My Nigerian colleague and some others from East Africa were visibly dissatisfied with the answer, so I joined them on the way to lunch to offer another explanation, or indeed the same explanation, but differently. “It is different in China,” I said. “Here all the government needs to do is decide what it wants for the people, and make it into national policy. The central government directs, the subnational governments implement, and the people largely comply. There isn’t much of a choice.”
A few days later, I made a presentation at the emerging voices pre-conference on how the origin of health policies deserves to be a main focus of health systems research, if we are to really take seriously our knowledge translation ambitions. Just as Sancho Panza said in Cervantes’ Don Quixote, “in the matter of government everything depends upon the beginning.”
Unlike what I had started to think about China, my plan was to argue that once policies are made, it is difficult to change them. I was going to meditate on the question of how change happens to deeply entrenched institutional arrangements. Nigeria is an example of a well designed and deeply entrenched, but dysfunctional system. I started to wish we were like China, where changes in policy are not as complicated, and where once the change is made, the effect is far reaching.

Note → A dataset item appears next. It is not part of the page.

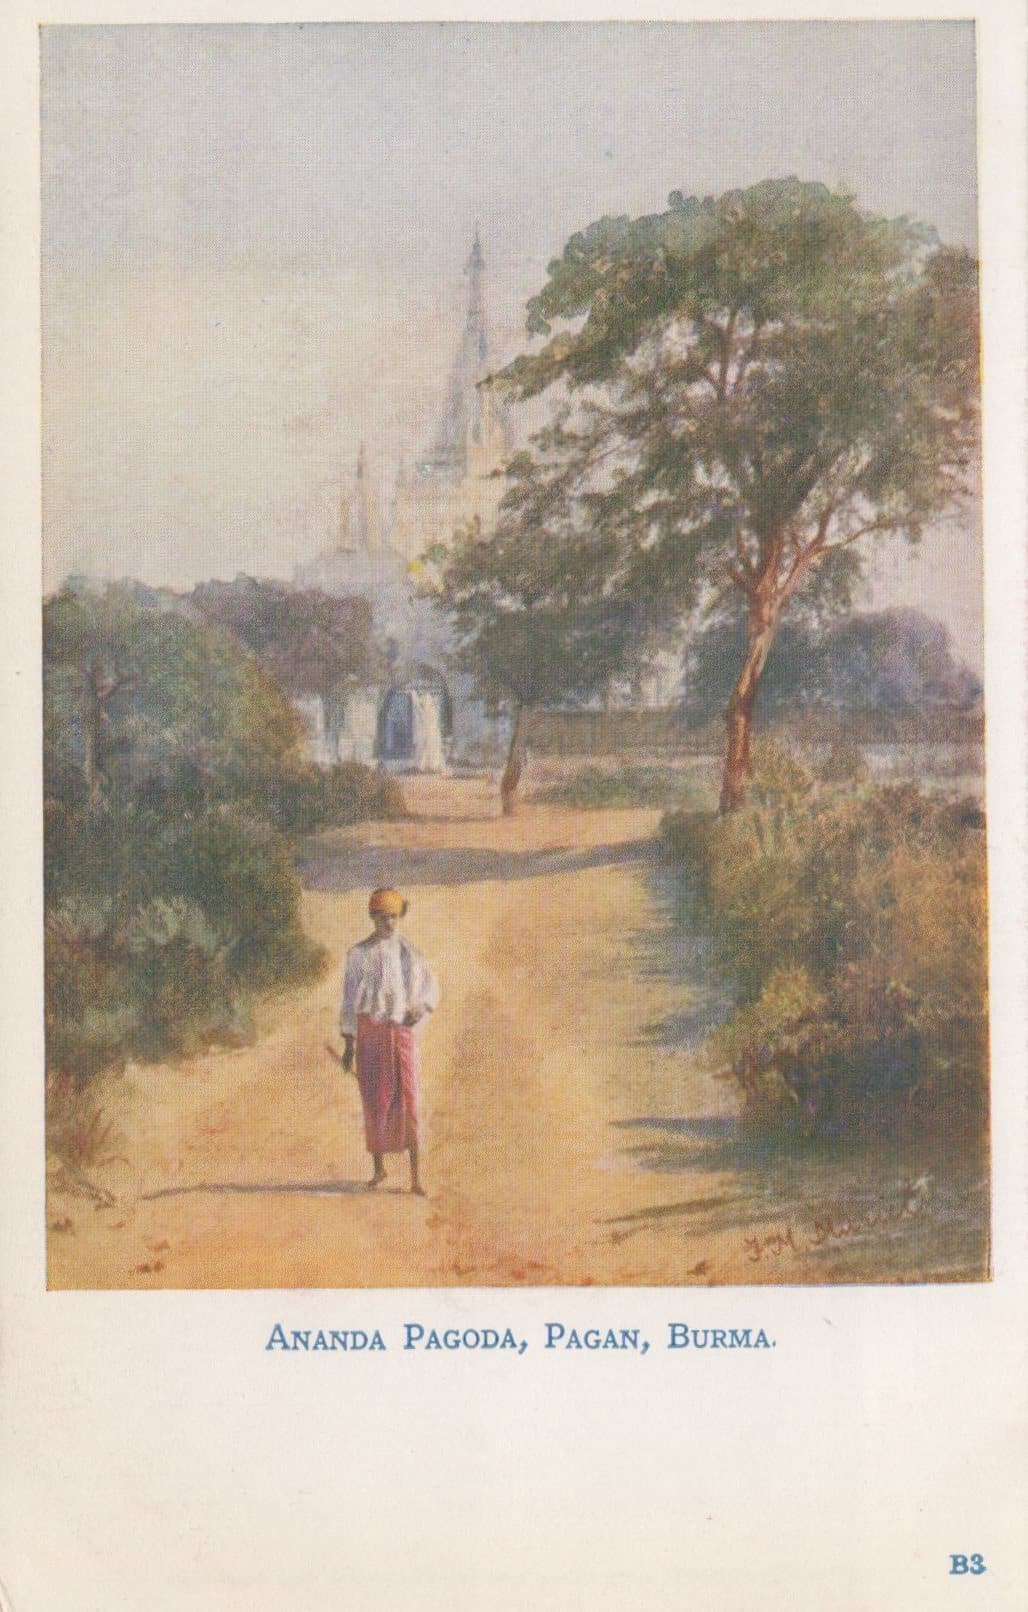 Burma Postcard - Ananda Pagoda, Pagan, Burma - Mo’s Postcards

I began to think that China and the United States of America were at two extremes: it took forever for the United States government to pass the Affordable Care Act, but I reckon that China would do that pretty much overnight, if the government wanted it. I thought the United Kingdom was somewhere in between, but closer to China; after all it wasn’t much trouble for the coalition government to approve a controversial restructuring of the National Health Service in England, through the Health and Social Care Act, in spite of little support from the public and professional groups.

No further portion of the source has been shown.